A new study published in the Archives of Internal Medicine indicates that decades-old warfarin is still an equally effective – not to mention less expensive – blood thinner option compared to newer medications, like Pradaxa. Since its 2010 approval by the U.S. Food & Drug Administration (FDA), Pradaxa has been touted as an improvement over warfarin, which has been on the market since the 1950s.
According to a report from MedPageToday, the study, which analyzed data from several randomized controlled trials from the past decade, showed that warfarin carries a low residual stroke risk in patients with non-valvular atrial fibrillation. Pradaxa is indicated to prevent strokes in this same patient population.
“These results could potentially aid the decision process for warfarin therapy for individual physicians and allow health systems to evaluate the cost efficacy of adopting newer agents universally or in specific high-risk clinical subsets,” the study authors wrote.
“Even after consideration of the costs associated with regular INR testing, in most settings, the overall cost of therapeutic strategies using these newer agents will exceed the costs of comparative strategies incorporating generic warfarin,” they said.
In an accompanying editorial, Daniel Singer, MD, of Massachusetts General Hospital in Boston, and Alan Go, MD, of Kaiser Permanente Northern California in Oakland, acknowledged the advantages of the newer anticoagulants over warfarin but also pointed out some risks, MedPage Today said.
Pradaxa is one of those new blood thinners that have been position as a superior alternative to warfarin. Since its October 2010 approval, concerns over serious Pradaxa side effects have grown. Like any blood thinner, both warfarin and Pradaxa pose a risk of serious bleeding. However, warfarin bleeding can be stopped with the administration of vitamin K or a drug called recombinant factor VIIa. There is currently no practical antidote for Pradaxa bleeding.
Last year, Pradaxa’s maker, Boehringer Ingelheim, acknowledged that since March 2008, it had received 260 reports of bleeding-related deaths in patients taking Pradaxa. The FDA launched a review of Pradaxa in December over reports of bleeding-related side effects, while regulators in Europe and Japan have also directed Boehringer Ingelheim to strengthen warnings for the Pradaxa.
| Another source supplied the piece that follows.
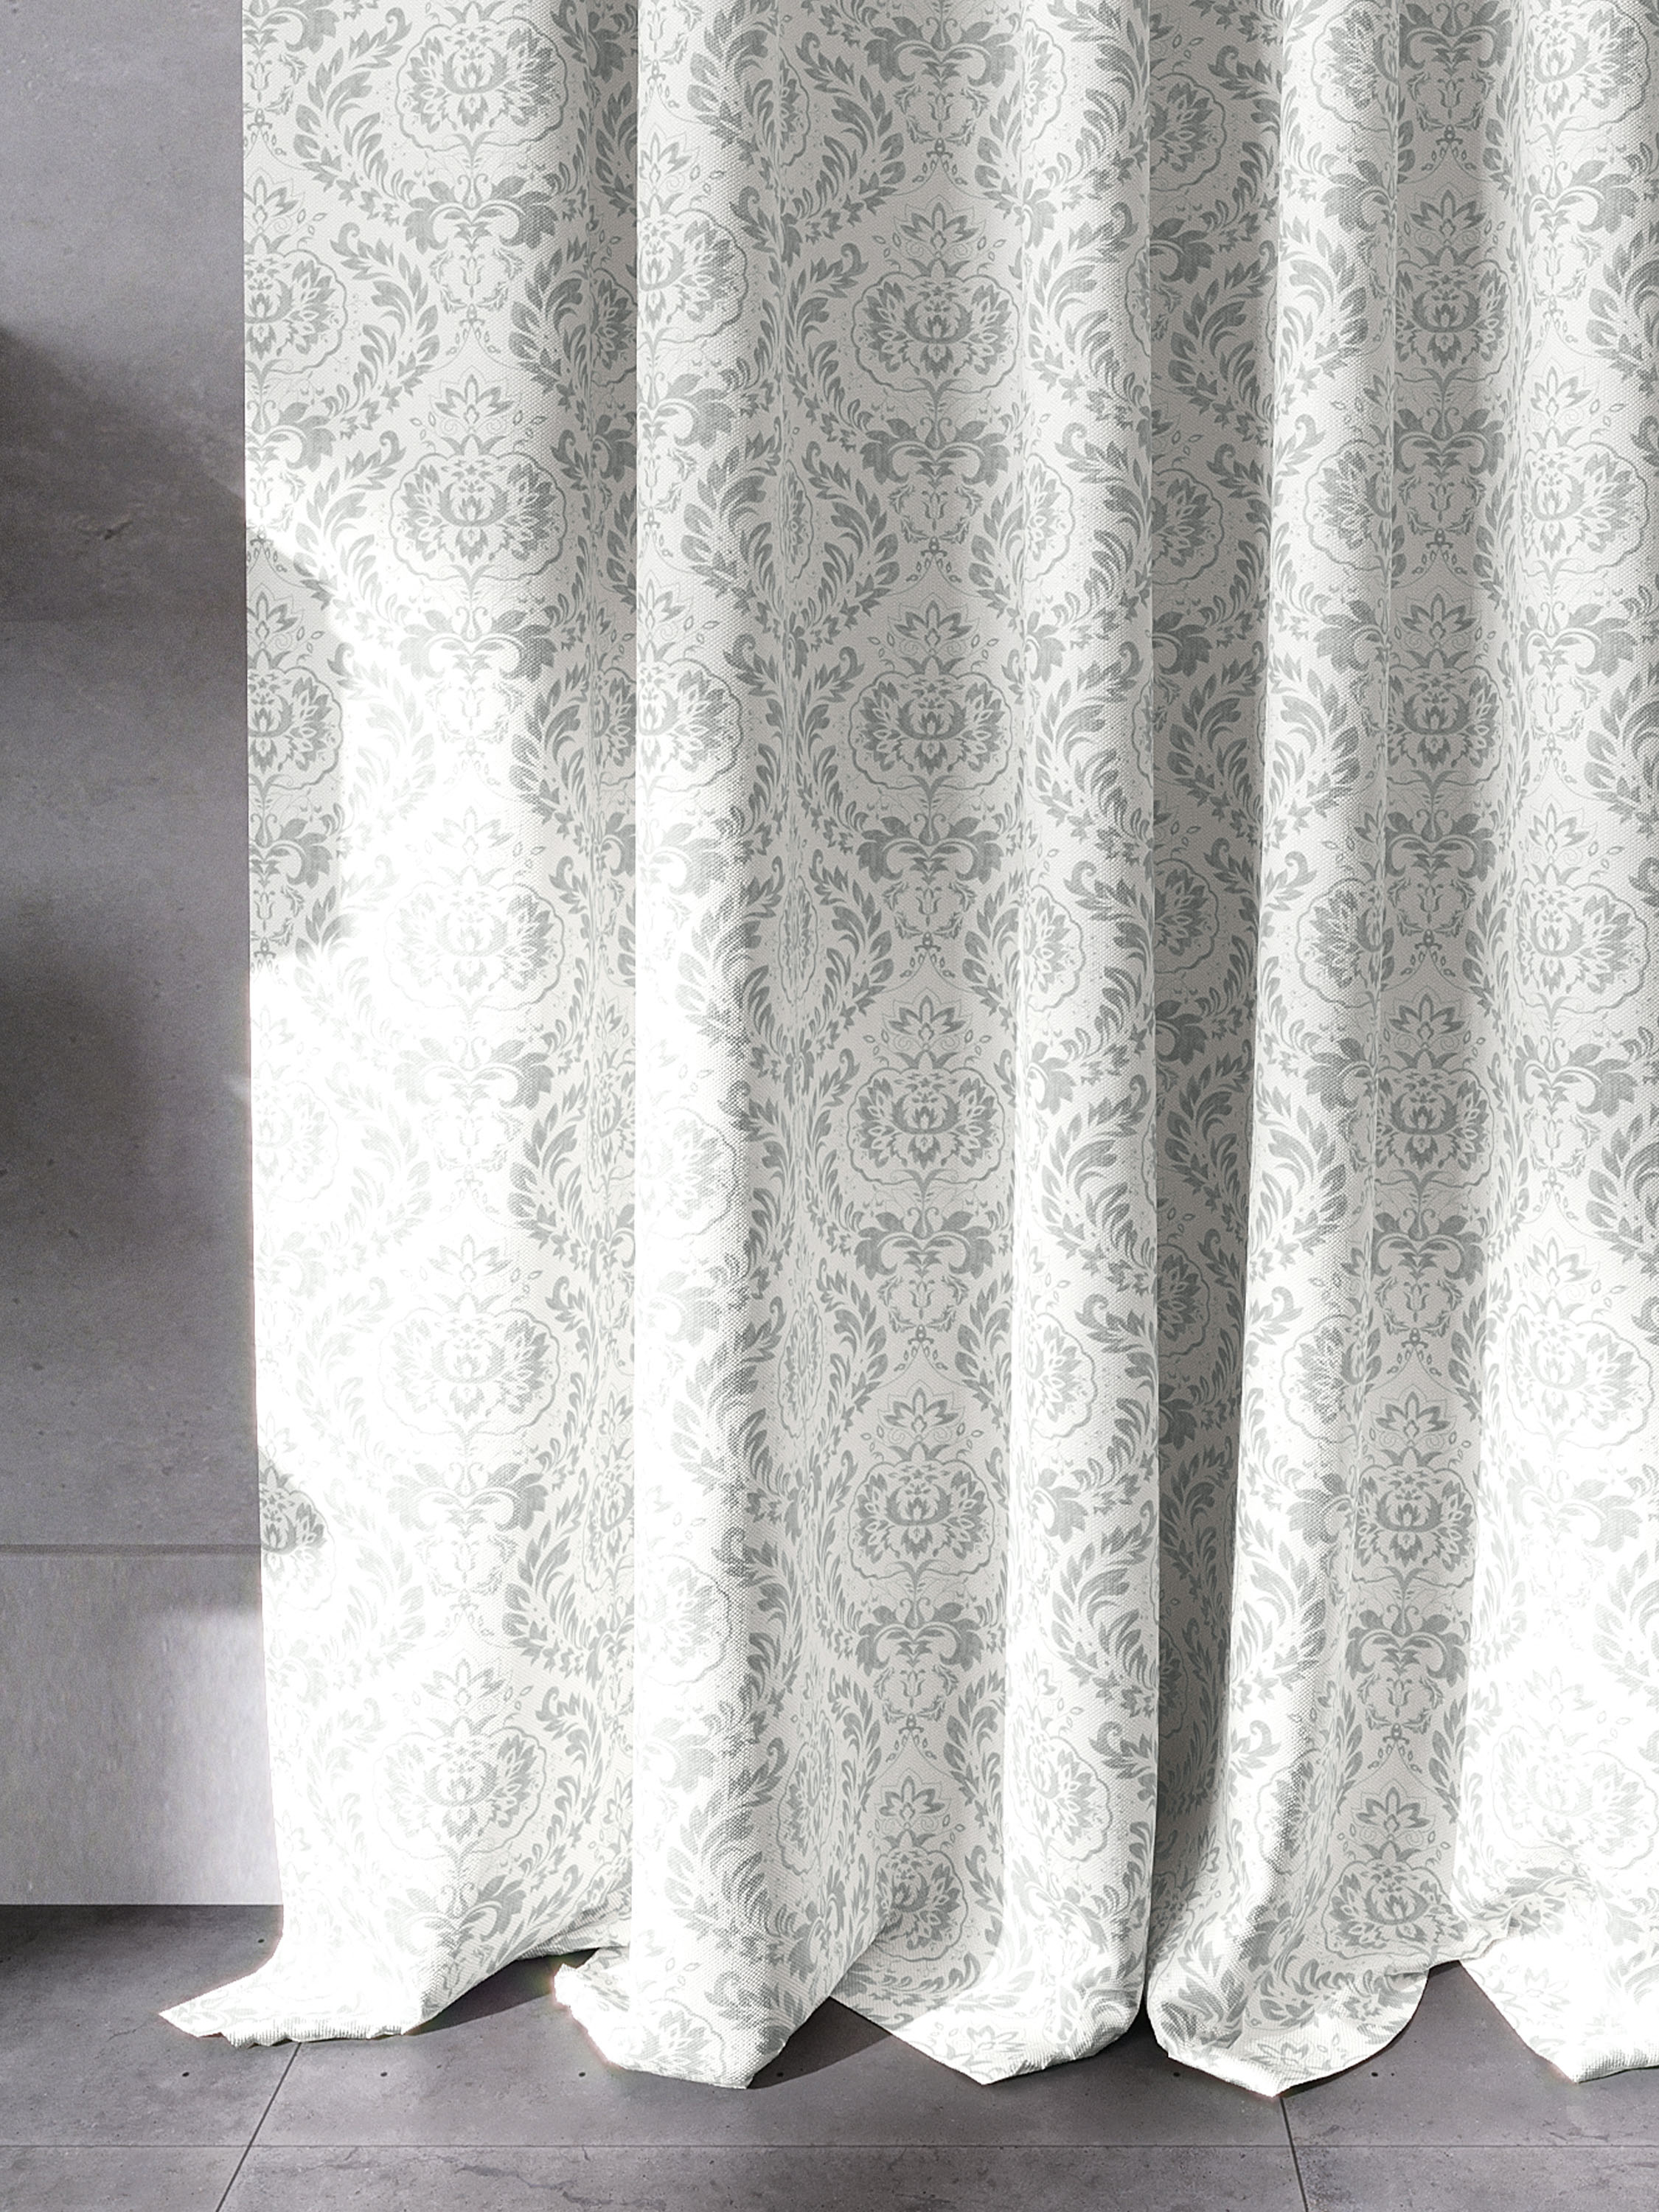 A classic damask pattern is printed on a textured semi-sheer fabric curtain

In early March, a study in the Journal of Neurosurgery highlighted how dangerous Pradaxa bleeding can be. The report detailed the worsening condition, and ultimate death, of an 83-year-old Pradaxa patient following a minor fall. Within two hours of his arrival at the hospital, scans showed extensive progression of brain hemorrhaging. His doctors administered intravenous fluids and a protein called recombinant factor VIIa to stop the bleed, but nothing worked. The man fell into a deep coma, and died shortly after.
The case is disturbing because many of the people who take Pradaxa are elderly, and suffer from conditions that could cause them to suffer minor traumas, like falls. The kidneys of older patients may also be less efficient at eliminating Pradaxa, making death from a Pradaxa bleed more likely. In the case of the study patient, his doctors considered trying dialysis to flush Pradaxa from his system, but his condition deteriorated too quickly.
The FDA announced in December 2011 that it had launched a Pradaxa safety review because of reports of fatal bleeding. Weeks after the FDA announced the beginnings of its review, the Institutes for Safe Medicine Practices released reports showing that over 500 cases of Pradaxa-linked bleeding were reported to the FDA during the first quarter of 2011.